_Exercise data_:
.....
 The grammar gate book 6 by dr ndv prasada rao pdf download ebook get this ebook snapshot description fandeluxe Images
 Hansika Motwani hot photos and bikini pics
.....
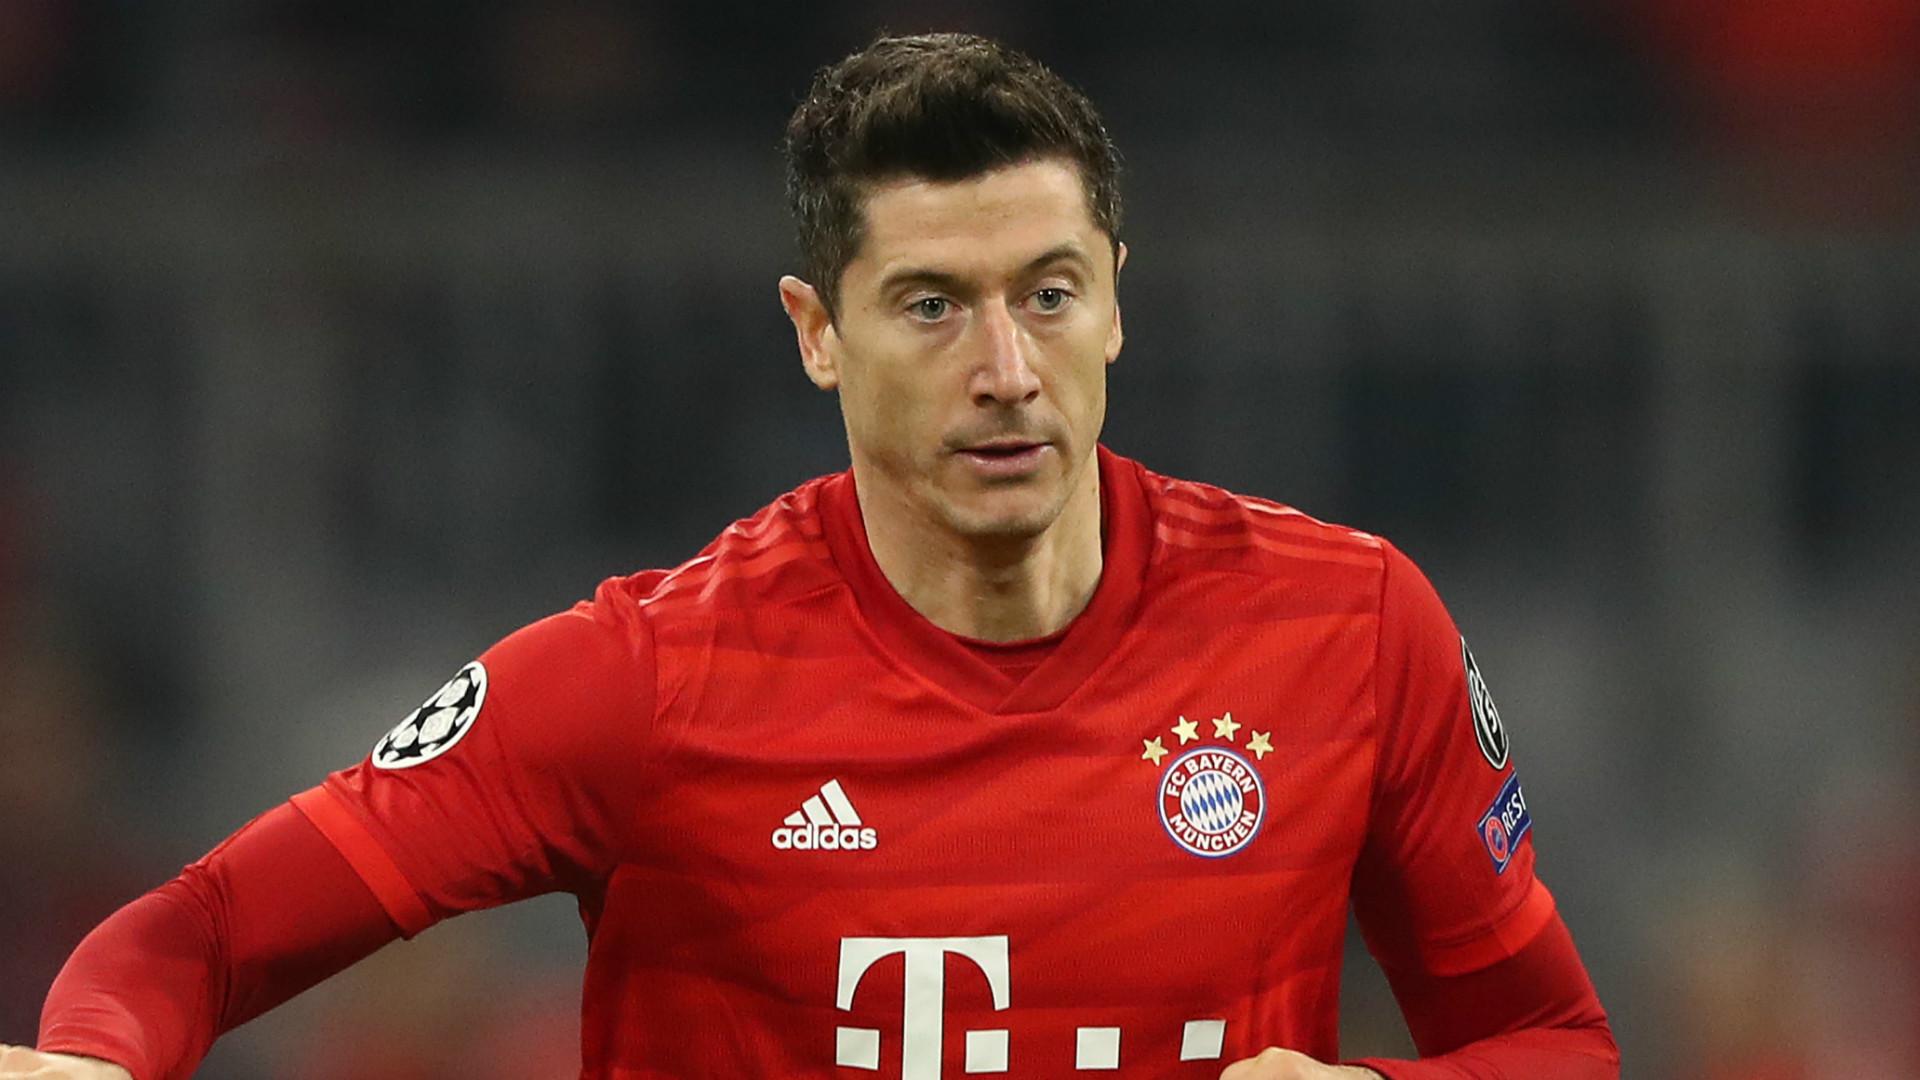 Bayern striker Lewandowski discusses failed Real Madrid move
.....
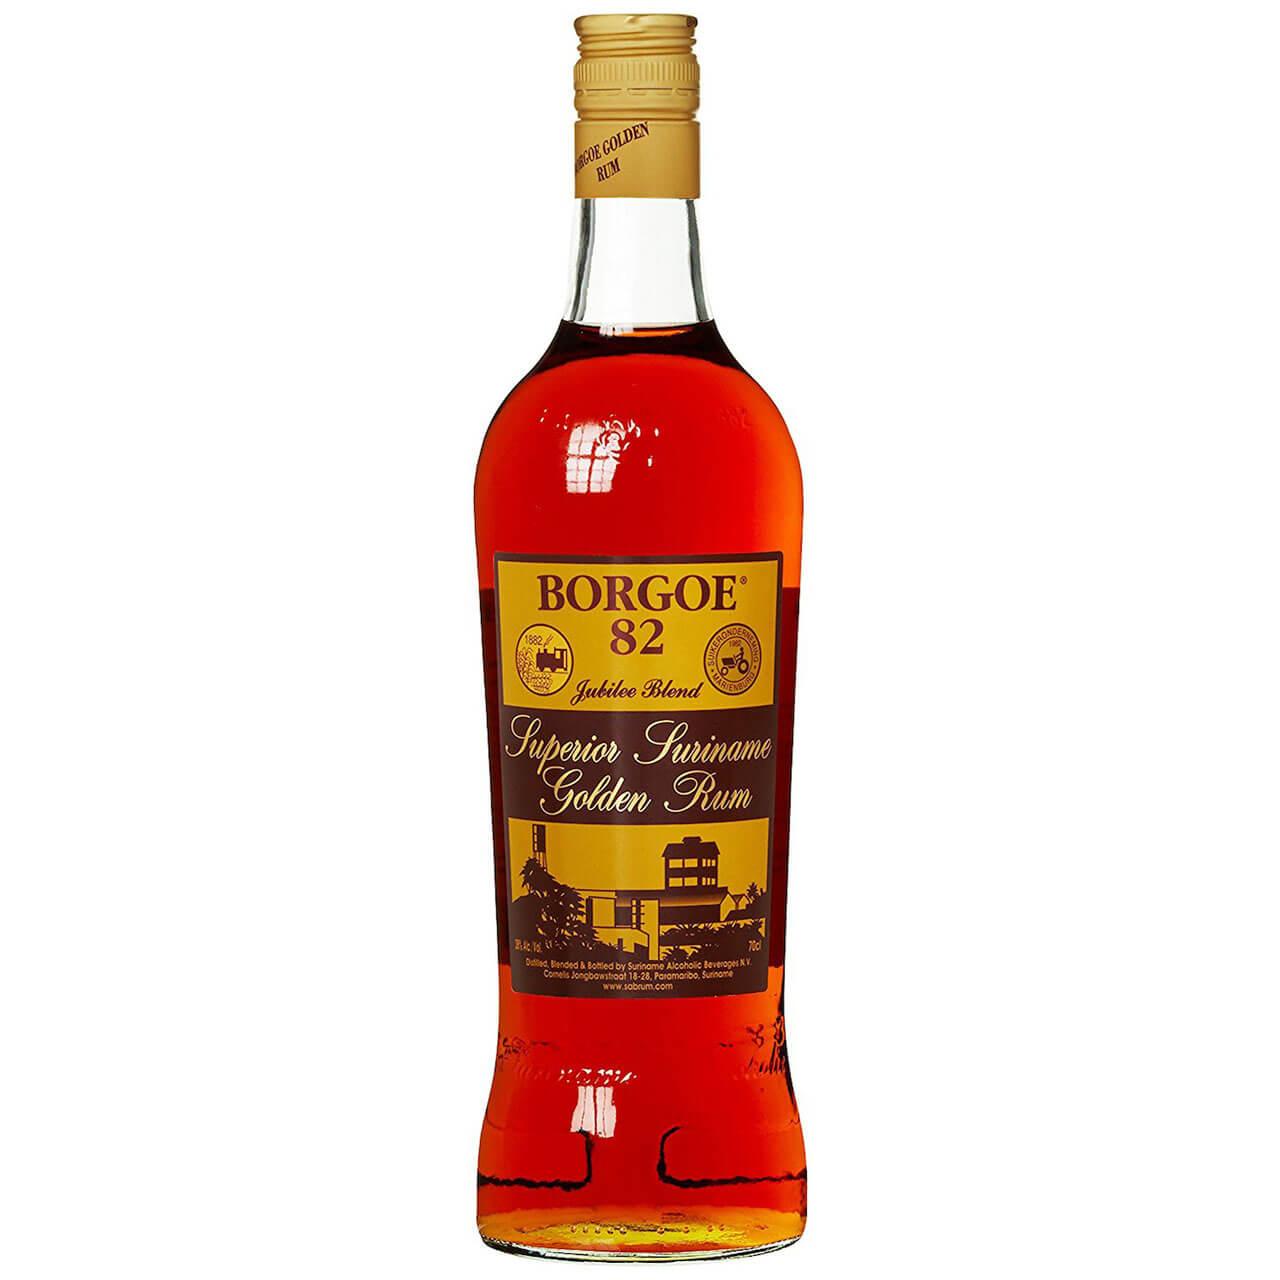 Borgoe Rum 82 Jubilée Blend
.....
_Task description_: Search the listing above for the lines with "The grammar gate" and "Hansika Motwani hot photos and bikini pics", then output those lines and all lines between them exactly.

_Reply to the exercise_:
 The grammar gate book 6 by dr ndv prasada rao pdf download ebook get this ebook snapshot description fandeluxe Images
 Hansika Motwani hot photos and bikini pics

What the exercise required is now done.